_Material supplied_.
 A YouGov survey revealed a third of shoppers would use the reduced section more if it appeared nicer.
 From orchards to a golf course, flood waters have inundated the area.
---
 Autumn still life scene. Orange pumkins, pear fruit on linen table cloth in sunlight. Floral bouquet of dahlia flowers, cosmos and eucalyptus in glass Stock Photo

_Assigned task_.
Look in the material above for the line with "A YouGov survey" and the line with "From orchards to", and transcribe exactly those lines and all lines between them, nothing more.

_Exercise output_.
 A YouGov survey revealed a third of shoppers would use the reduced section more if it appeared nicer.
 From orchards to a golf course, flood waters have inundated the area.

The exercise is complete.